Signer’s works have acquired the label ‘time-sculpture’. They share traditional sculpture’s concern with the crafting of physical materials in three dimensions, but they extend that concern into what may or may not be characterised as the fourth dimension: the dimension of time. Time-sculpture investigates the transformation of materials through time, focusing the viewer’s attention on the experience of the event, the changes wrought, and the forces involved. Variously combining three-dimensional objects, live action, still photography and moving-image documentation, Signer’s time-sculptures frame episodes of the containment and release of energy − always with ingenuity, often with captivating, epigrammatic swiftness and irresistible humour. In Cap with Rocket (Mütze mit Rakete 1983), for example, a length of string connects a firework and a knitted hat that Signer has pulled over his head. The firework is ignited; it shoots into the air and whisks the hat away, revealing the artist’s face. In Stool − Kurhaus Weissbad (Hocker − Kurhaus Weissbad 1992) a small explosion triggers the catapulting of a four-legged stool out of a window; the stool sails through the air and crashes to earth. In Kamor (Kamor 1986) a gunpowder explosion at the summit of a small mountain in the Swiss canton of Appenzell produces a burst of flame and a plume of smoke and momentarily lends the summit the appearance of a live volcano. In Attaché Case (Aktenkoffer 1989/2001) a concrete-filled briefcase is taken on a short ride in a fast machine − a helicopter, to be precise. At a height of about a hundred metres it is dropped. Like a meteorite, it plummets into a grassy field and gouges a deep crater in the turf.

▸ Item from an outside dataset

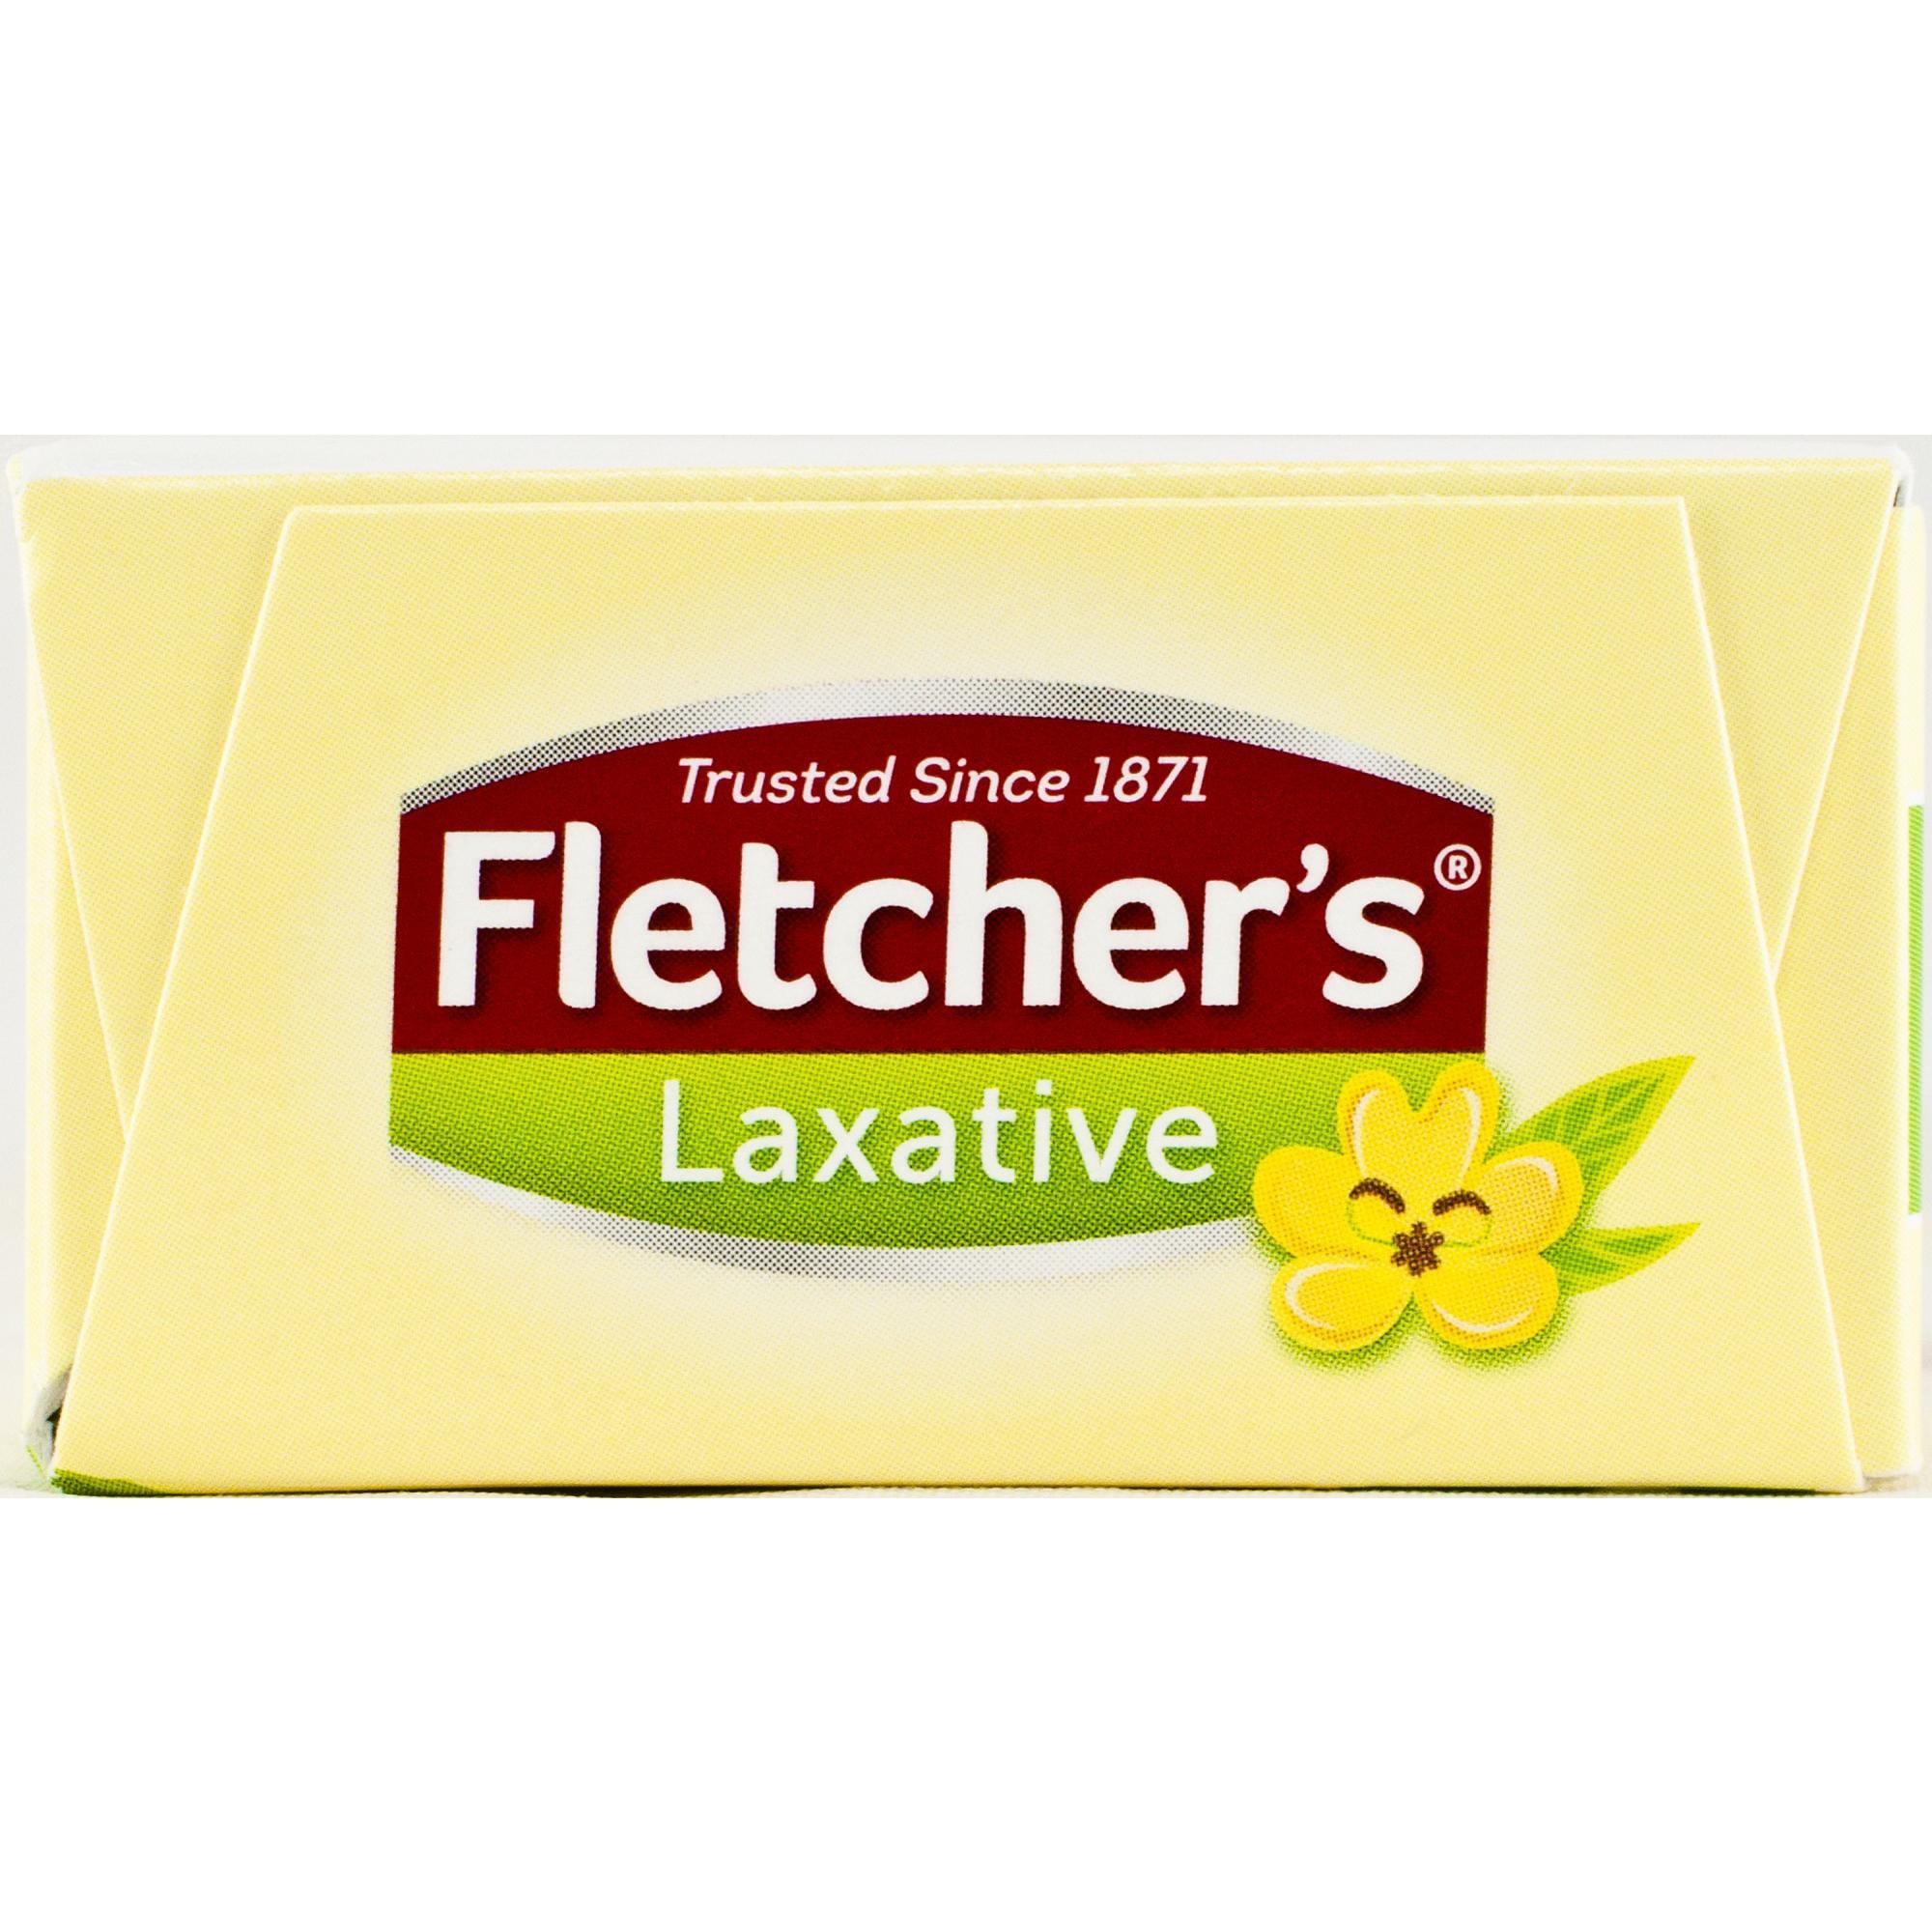 Fletcher's Gentle Relief Laxative, 3 25 FL OZ - Walmart com

Simple! And in some ways, the step from sculpture to time-sculpture is indeed beautifully simple: elementary, to borrow a word the artist himself has often associated with his work. In the face of the striking immediacy and poetic plasticity of Signer’s pieces, critical commentaries can sometimes seem frankly redundant − like a dull-witted, pedantic glossing of a perfectly-timed, beautifully-judged joke. The critic is dogged by the suspicion that (to co-opt a phrase from Simon Critchley) a time-sculpture ‘explained’ might be a time-sculpture misunderstood. From a seemingly restricted palette of processes and materials, Signer generates a poetics whose tones range from the melancholy to the thrilling, from the charming to the violent, from the grave to the frankly, irresistibly silly, and many points north, south, east and west of these affective co-ordinates.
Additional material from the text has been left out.